Abstract
Desmoplastic fibroblastoma is a rare, benign, soft tissue tumor affecting mainly the subcutaneous and muscle tissue. Only five cases identified in the oral cavity have been reported in prior literature. This article presents a case report of a 56-year-old man, with no previous history of trauma, who presented a slow-growing mass in the buccal mucosa. Histopathology and immunohistochemistry staining studies were performed, and a diagnosis of the desmoplastic fibroblastoma was made. The patient has been disease-free for one year.

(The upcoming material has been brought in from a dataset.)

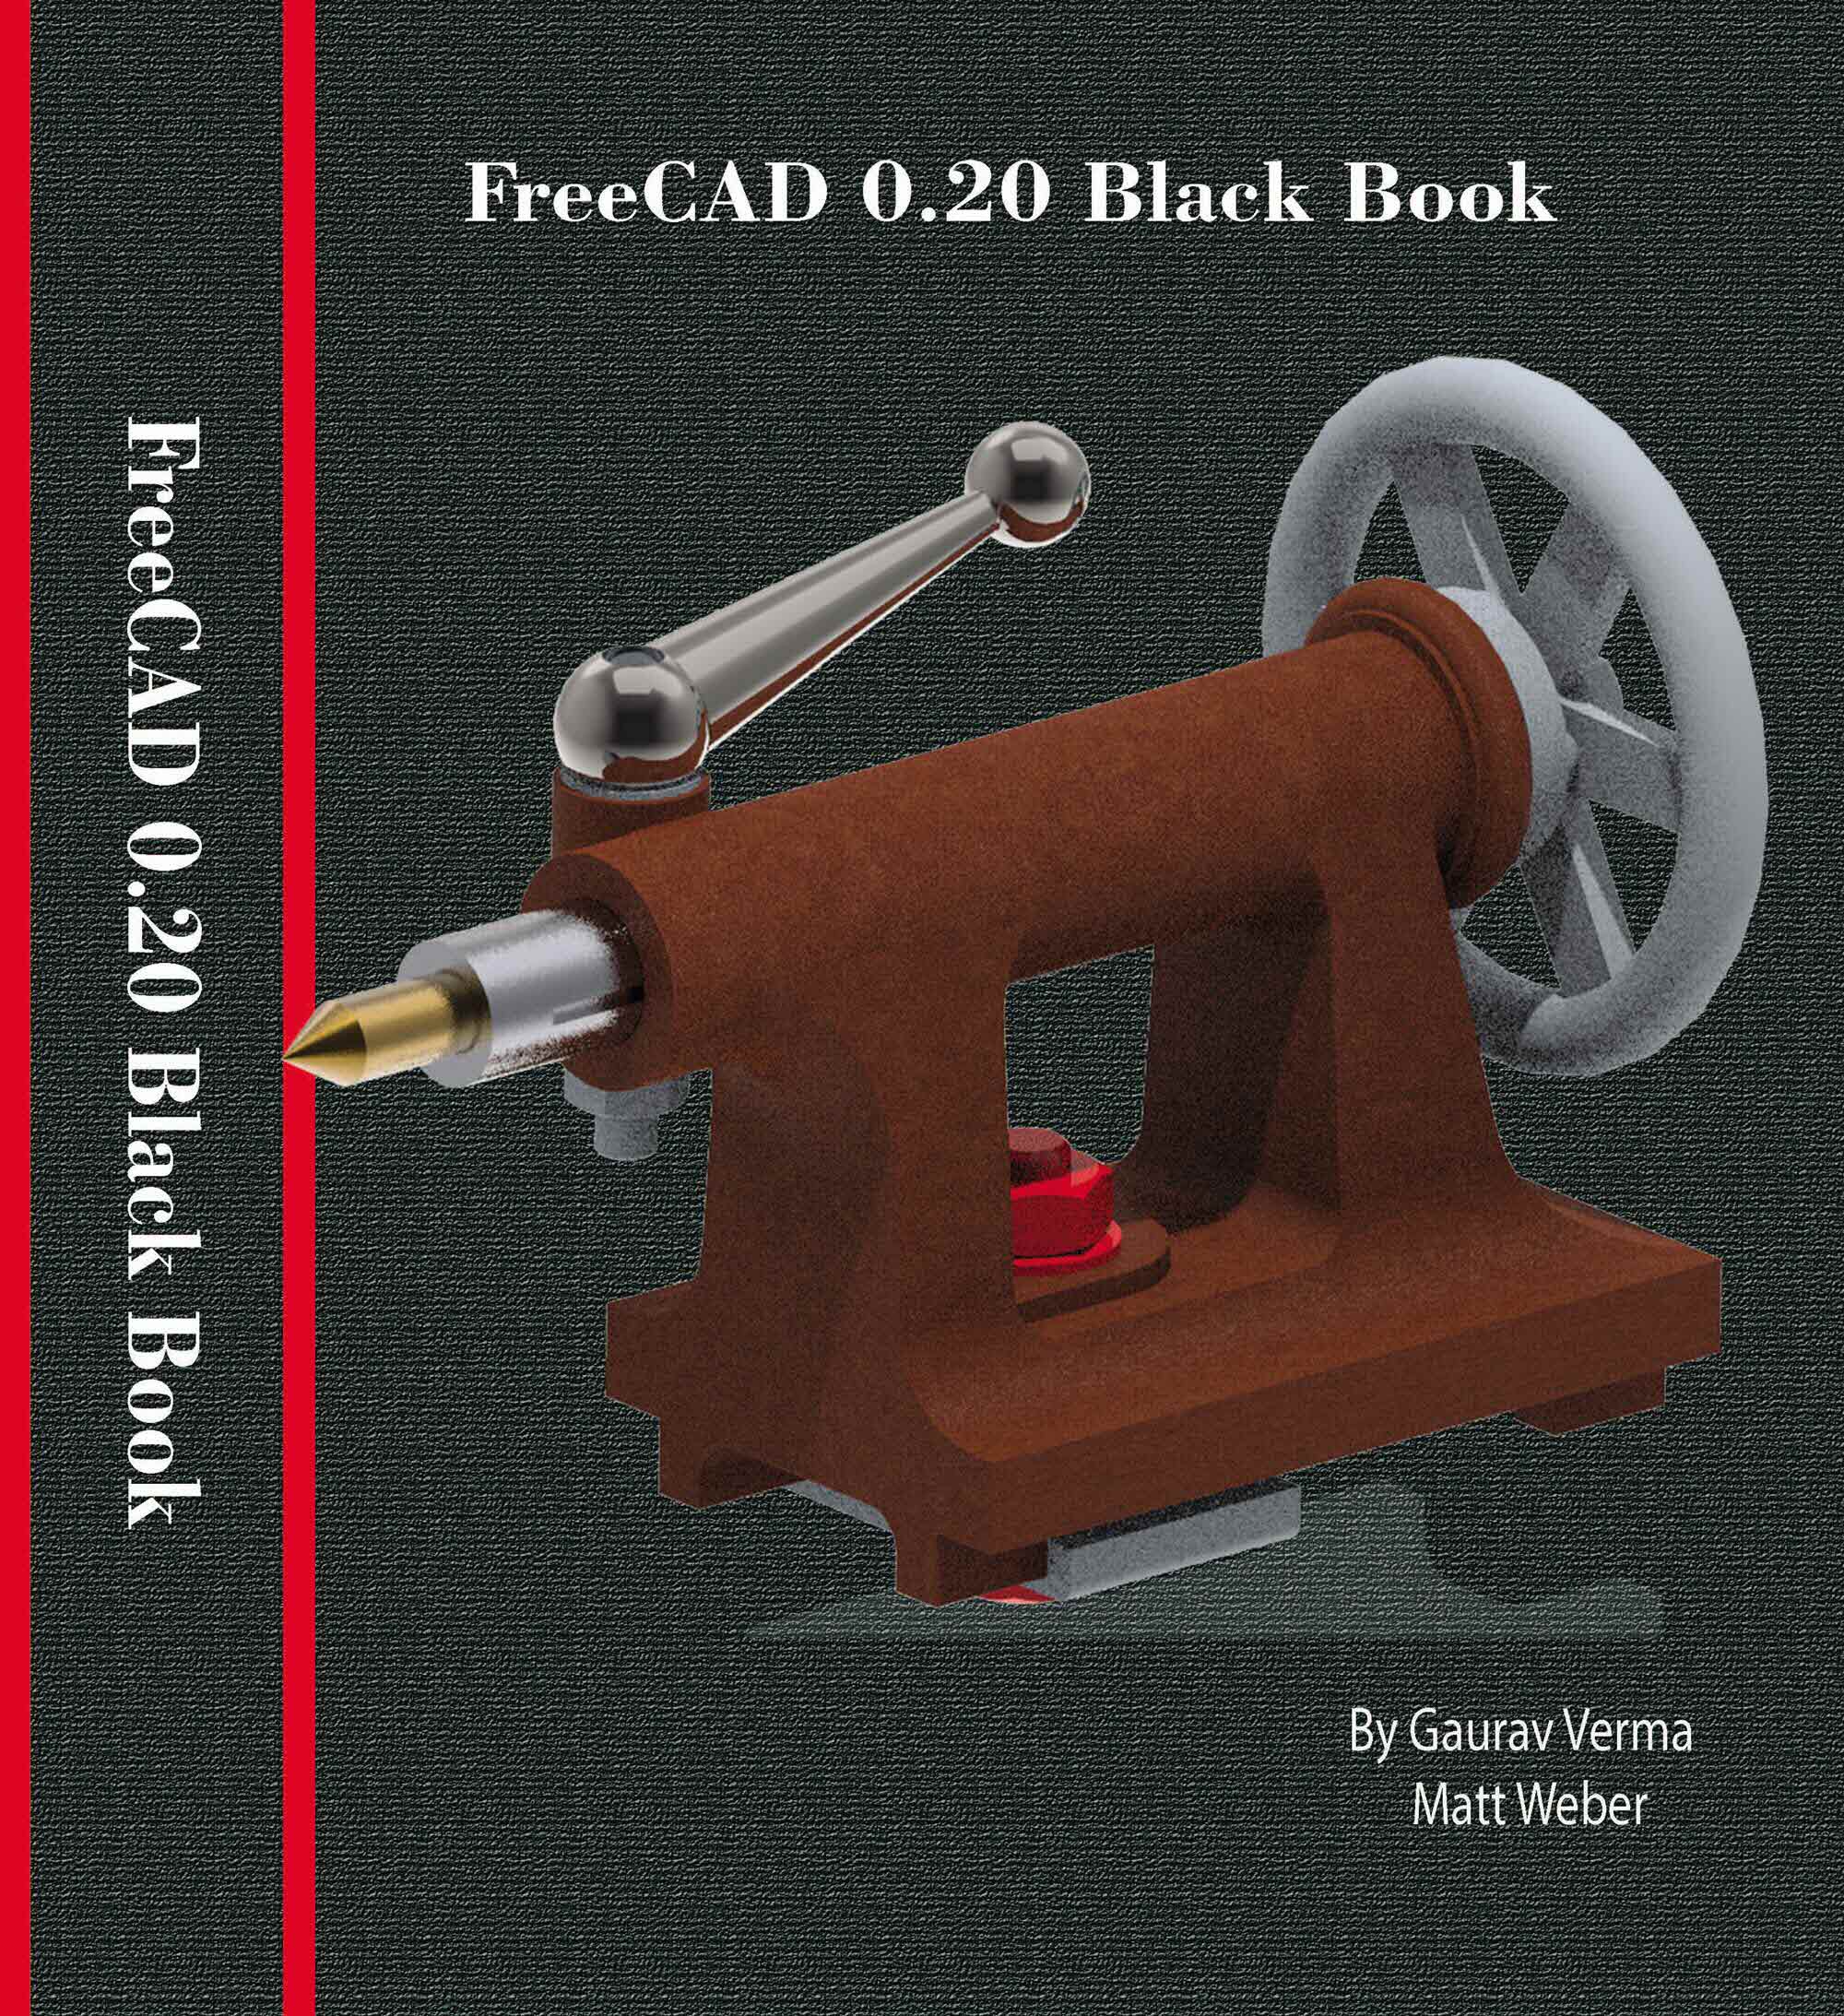 freecad 0.20 black book
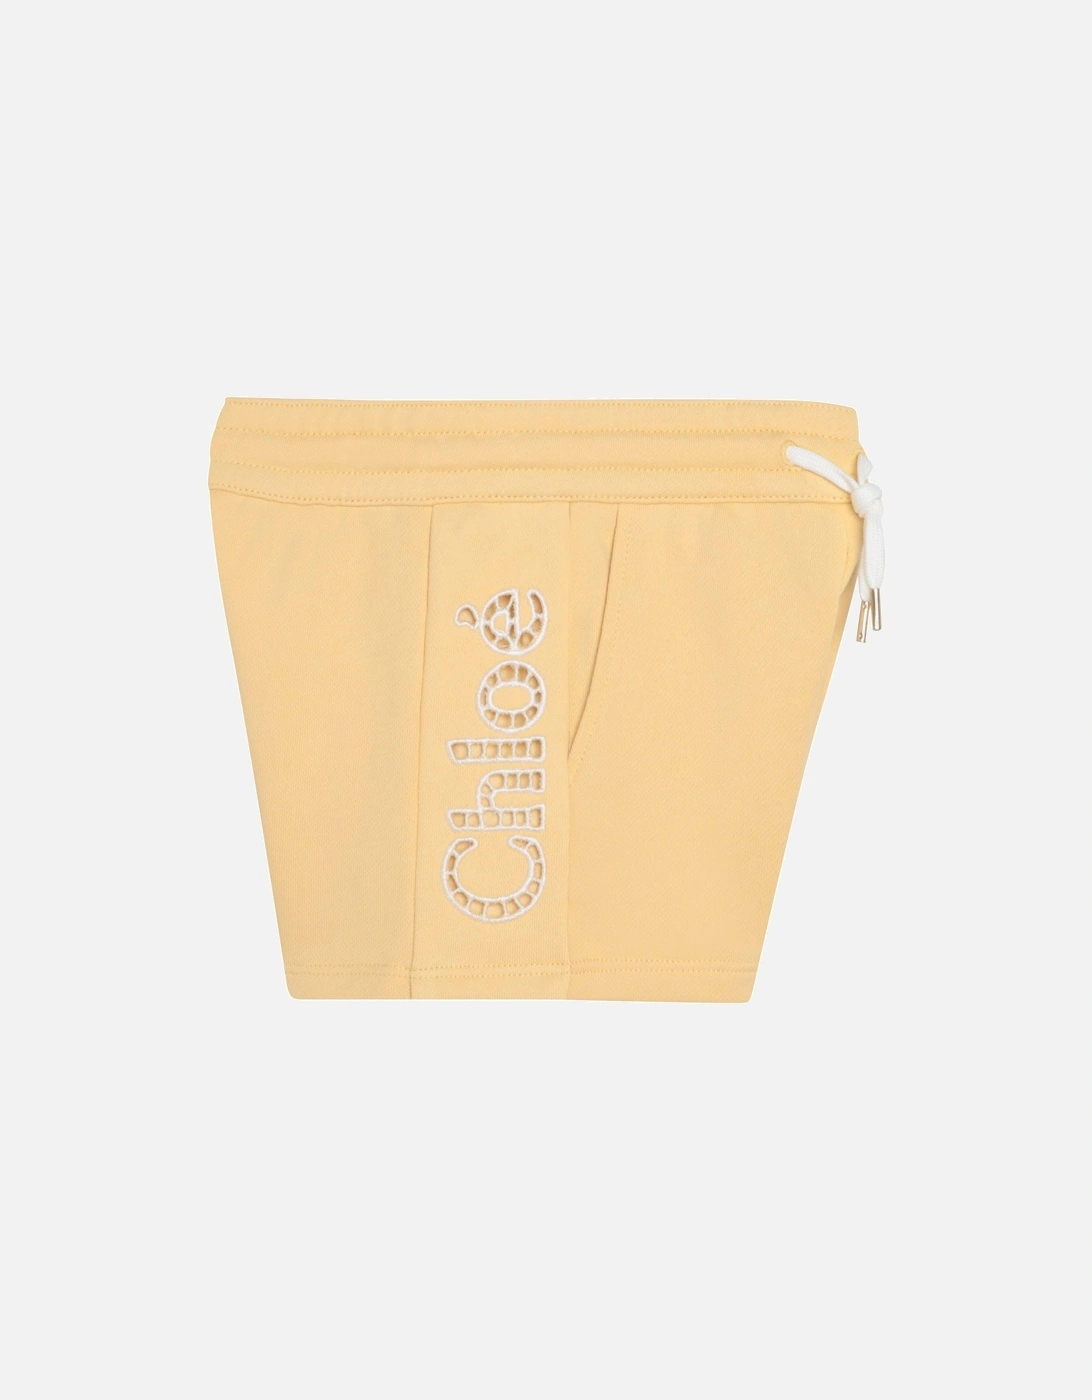 Girls Yellow Logo Shorts

Keywords: Collagenous fibroma, Desmoplastic fibroblastoma, Fibroma, Neoplasm of connective and soft tissue
Introduction
Desmoplastic fibroblastoma (DF), also known as collagenous fibroma, is a rare, benign, slow growing lesion [1–7], which was first described in 1995 by Evans [2]. DF occurs in the subcutaneous or intramuscular tissue, with a wide anatomic distribution, showing a strong predilection for men between the fifth and sixth decades of life [1, 3]. However, oral involvement is rarely reported (only five published cases) and has only been found in the hard palate, on the tongue, and in the alveolar bone [3, 7]. This article presents the first case of a DF identified in the buccal mucosa.
Case Report
A 56-year-old man was referred to the Oral Medicine Clinic of the School of Dentistry at Universidade Federal de Minas Gerais to evaluate a mass in the left buccal mucosa. Extra-oral examination showed no abnormalities. Intra-oral inspection revealed a single, well-circumscribed, sessile, pink-colored tumor, with a firm consistency, covered by healthy mucosa, and measuring 35 mm in diameter (Fig. 1). The patient had noticed this painless lesion 3 years prior to the appointment, but it had recently increased in size, interfering in his chewing, thus causing an imprint on the surface of the lesion. He was edentulous and used no removable prosthesis. No traumatic event or habit could be associated with the lesion. His medical history included controlled hypertension; social and cultural histories were not contributory. Considering the main clinical hypothesis of a benign soft tissue tumor, a wide surgical excision, including the surrounding healthy tissue, was performed.
Fig. 1.
Clinical features of the desmoplastic fibroblastoma in the buccal mucosa. A single, well-circumscribed, sessile, pink-colored tumor measuring 35 mm. The lesion is covered by healthy mucosa and an imprint can be observed on its surface
Histopathology revealed, at low power magnification, a well-defined, non-encapsulated, fibroblastic proliferation, characterized by paucicellularity within a highly collagenous matrix (Fig. 2a, b). At high power magnification, fibroblasts presented a spindle to stellate shape (Fig. 2c), with large and rounded nuclei exhibiting thin chromatin and small nucleoli. Binucleated (Fig. 2d) and multinucleated (Fig. 2e) fibroblasts were observed. Blood vessels were few and small, and neither mitosis nor necrosis was present. In the deep area of the specimen, lesional tissue trapped adipocytes and skeletal muscle fibers (Fig. 2f). Tumor fibroblasts showed intense immunopositivity for vimentin and some positive cells to Factor XIIIa. The cells were immunonegative for α-smooth muscle actin, desmin, S-100, AE1/AE3, CD34, and CD68.
Fig. 2.
Histopathology of the desmoplastic fibroblastoma. a Mucosal fragment covered by keratinized stratified squamous epithelium with lamina propria showing fibroblastic proliferation (Hematoxylin and eosin stain, original magnification ×25). b The lesion is characterized by paucicellularity within a highly collagenous matrix with scarce vascularity (Hematoxylin and eosin, original magnification ×100). The fibroblasts are c stellated; d binucleated; or e multinucleated (Hematoxylin and eosin, original magnification ×560). f Lesional tissue trapping adipocytes asterisks) and skeletal muscle fibers (arrows) (Hematoxylin and eosin, original magnification ×100)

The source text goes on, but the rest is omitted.